Brazil officially declared bitcoin as a form of payment on Tuesday. The news comes as the country’s lower House of Congress approved a bill backing more crypto regulation following the collapse of FTX.
Crypto news site The Block said the bill could reach the president’s desk following “a series of legislative twists and turns spanning seven years”. The site added that “regulating the crypto industry is especially relevant in Brazil due to the size of the market and the number of scams the country has seen in recent years”.
ECB wades in
The news comes as the European Central Bank (ECB) declared bitcoin was “on the road to irrelevance”. In a blog post titled Bitcoin’s Last Stand, the ECB’s Director General and an adviser wrote “Bitcoin’s conceptual design and technological shortcomings make it questionable as a means of payment: real bitcoin transactions are cumbersome, slow and expensive. Bitcoin has never been used to any significant extent for legal real-world transactions.”. The post added that it was also not suitable as an investment and warned against regulation. “Since bitcoin appears to be neither suitable as a payment system nor as a form of investment, it should be treated as neither in regulatory terms and thus should not be legitimized”.

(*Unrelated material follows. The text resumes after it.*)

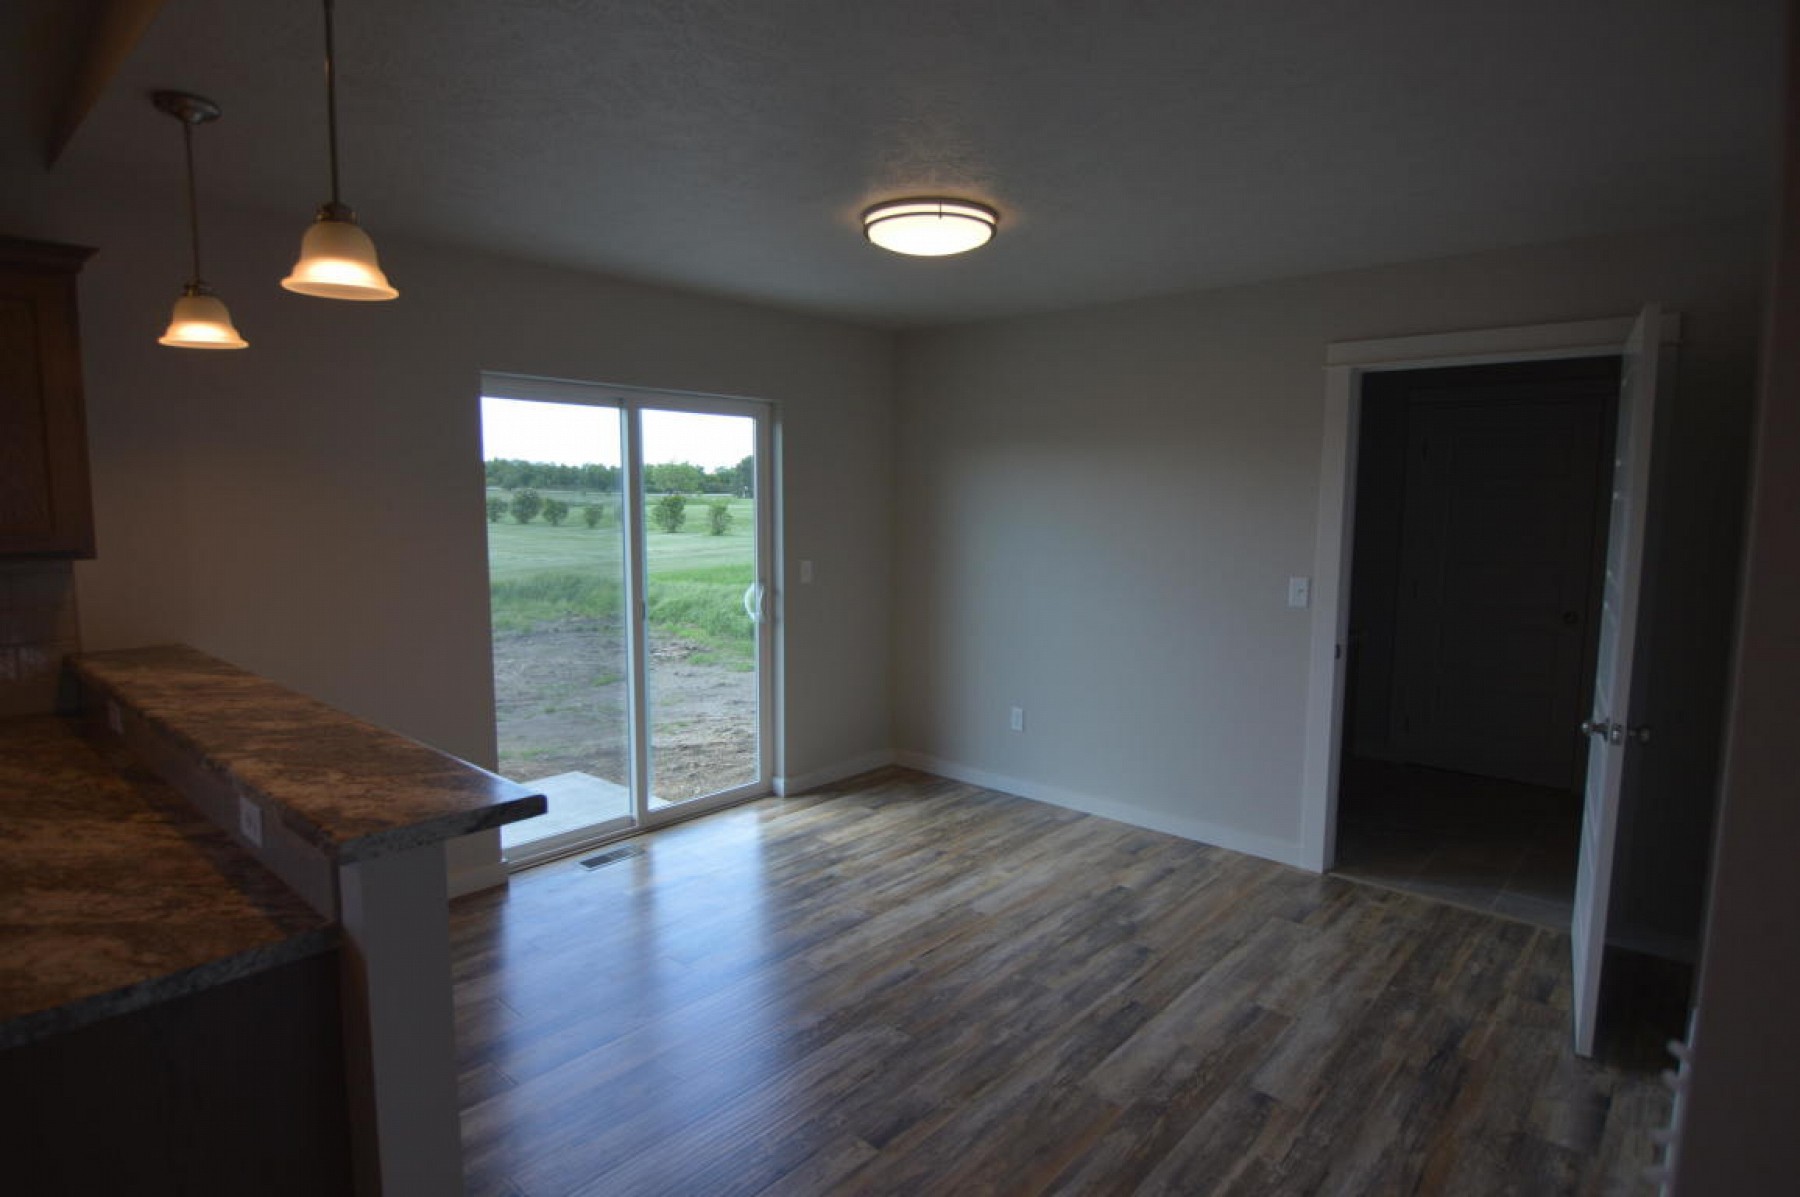 117 Golfview Drive, White, SD 57276

The blog post was at odds with ECB President Christine Lagarde’s comments on Monday that the sector needs to be regulated in the form of “MiCA II”, due to be implemented in 2024. We have contacted the ECB press office to clarify.
Store of value
But industry advocates still maintain Bitcoin’s place as a store of value. “Crypto markets remain one of the best places for investors to go when it comes to diversifying their portfolios. And, pleasingly, we are now seeing some long-awaited decoupling between crypto and the stock market, which is good news for everyone,” said one insider.
“Overall, there are plenty of reasons to be cheerful right now, and investors would be wise to keep a close eye on what’s going on rather than sit back and assume this bear is still hibernating. Looking at the history of bitcoin since its inception in 2009, we can see that bear markets tend to last around the year mark before we head into a bull market and the next “halvening”. This would put us on track for a bottom around about now, and an uptick to the halvening around May 2024 when the bull would start raging toward its next all time high”.